After reading a few of Dostoevsky's masterpieces, I have started to notice some recurring themes. There always seems to be a fallen woman, and a man who tries to raise her up (though with varying degrees of success). There is often an epileptic in the story. Brain fever, a distinctively 1880s-ish thing somewhere between meningitis and a nervous breakdown, often figures in the plot—a device Arthur Conan Doyle also relied on more than perhaps necessary. And in the end, someone always seems to be sent away, or put away, either for his own good or for society's. Characters with chronic money problems always seem to be debating ethics, religion, and social philosophy, sometimes to the point of shedding blood. And the struggle between faith and reason always seems to lead someone to commit a murder. These tendencies aren't very surprising, once you acquaint yourself with Dostoevsky's biography. He was, after all, a sickly epileptic, whose health problems rode astride the line between mind and body. He got in trouble as a member of a radical group, was sentenced to face a firing squad, and after being mercifully sent instead to a Siberian labor-camp, experienced a religious conversion. He had gambling and debt problems, sometimes lived as a beggar, had dalliances with loose women, and finally died at age 59 from a series of strokes.

On the other hand, there are always plenty of surprises and original touches to enliven these familiar themes.

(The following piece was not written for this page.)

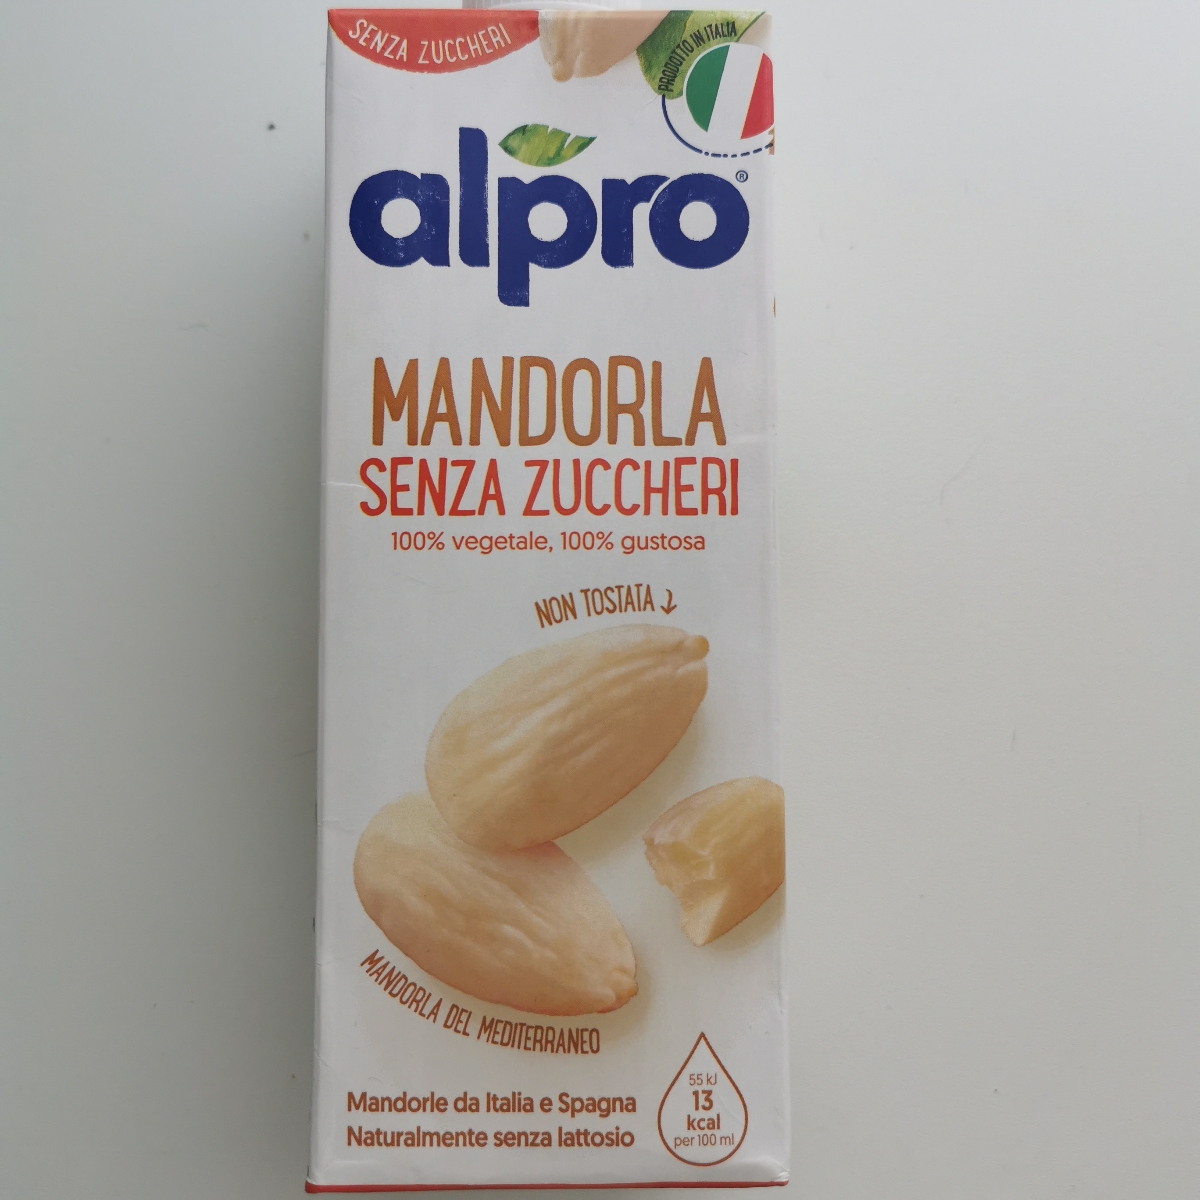 Alpro latte di mandorla senza zuccheri Reviews | abillion
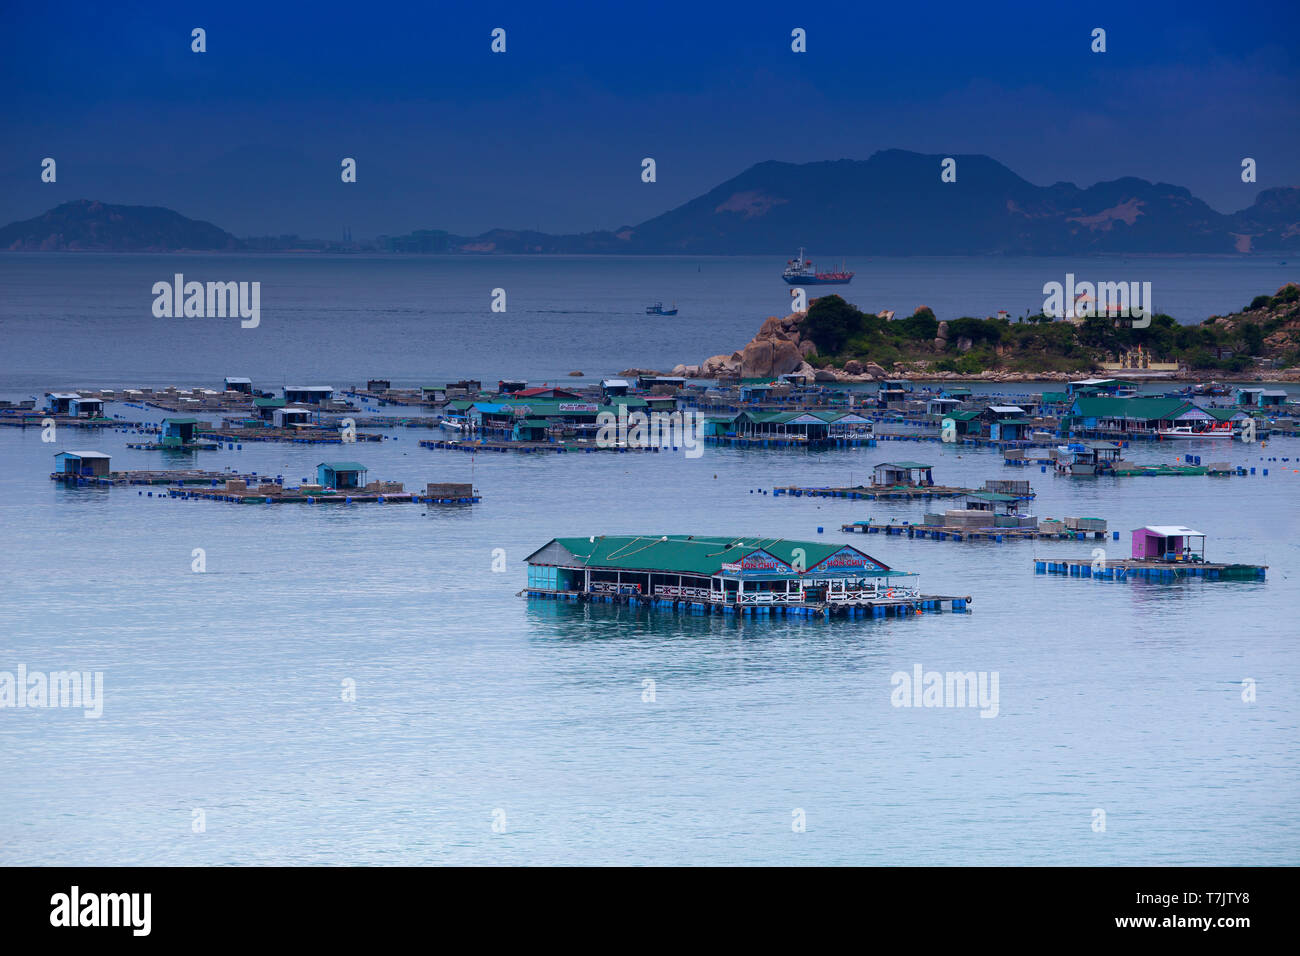 Island of Binh Hung, Ninh Thuan Province, Vietnam, Asia Stock Photo

Dostoevsky was brilliant at sketching original and distinct characters, ranging from the gentle and simple-hearted Alyosha to his two complex, ambivalent, but totally different brothers. Sometimes with a touch of irony and satire, but more often with genuine sympathy, he portrays a large cast of characters, including peasants, servants, lawyers, priests, a crazy ascetic, a flighty girl and her flibbertigibbet mother, a cheating innkeeper, a mentally unfit mother, a trouble-making kid, a cynical nihilist, and a dashing young official. He shows insight into legal procedures, monastic life, and the complexities of Polish forms of address. He also shows an amazing knack for developing believable female characters, each with her own individual blend of attractions and flaws. I'm not saying Fyodor Mikhailovich was a feminist or what not, but the girls in the "opening credits" roles exercise enormous power over the fates of the men in their lives, especially one particular member of the Karamazov family whose tragedy forms the backbone of this book. And above all, Dostoevsky keeps proving his flair for dramatics, pulling you along with cues and clues that keep the tension thrumming, straight through the agonizing and cleansing crisis of the tale.

And then he leaves you guessing, not only what happened, but what happens next. Must he spell everything out? I mean, the book was already 800 pages long! And yet, when it closes with Alyosha's speech to a group of schoolboys mourning the death of one of their mates, the end seems surprising and premature. You're still interested in what comes of the brothers' plans, hopes, and anxieties. You're uncertain whether to be hopeful or suspicious. And you're conscious that, although the narrator (who seems to be an invisible, all-knowing person living in the brothers' small town) spares very few details, down to the minutest account of some very long discourses, he is most clever in the information he withholds. It's a fascinating work of art. And besides that, it is truly entertaining. The most interesting moments are the ones where you catch yourself laughing aloud, and then feel guilty about not showing proper concern—like Ivan's hallucinatory conversation with a very impish devil. Or maybe the times when a character makes you want to reach out and strangle him or her. Or the bits that make you throb with emotion. Or the shock that you feel even though you saw it coming, because the narrator warned you ahead of time. Dostoevsky was a writer at the top of his powers when he wrote this—his powers, and practically anyone else's.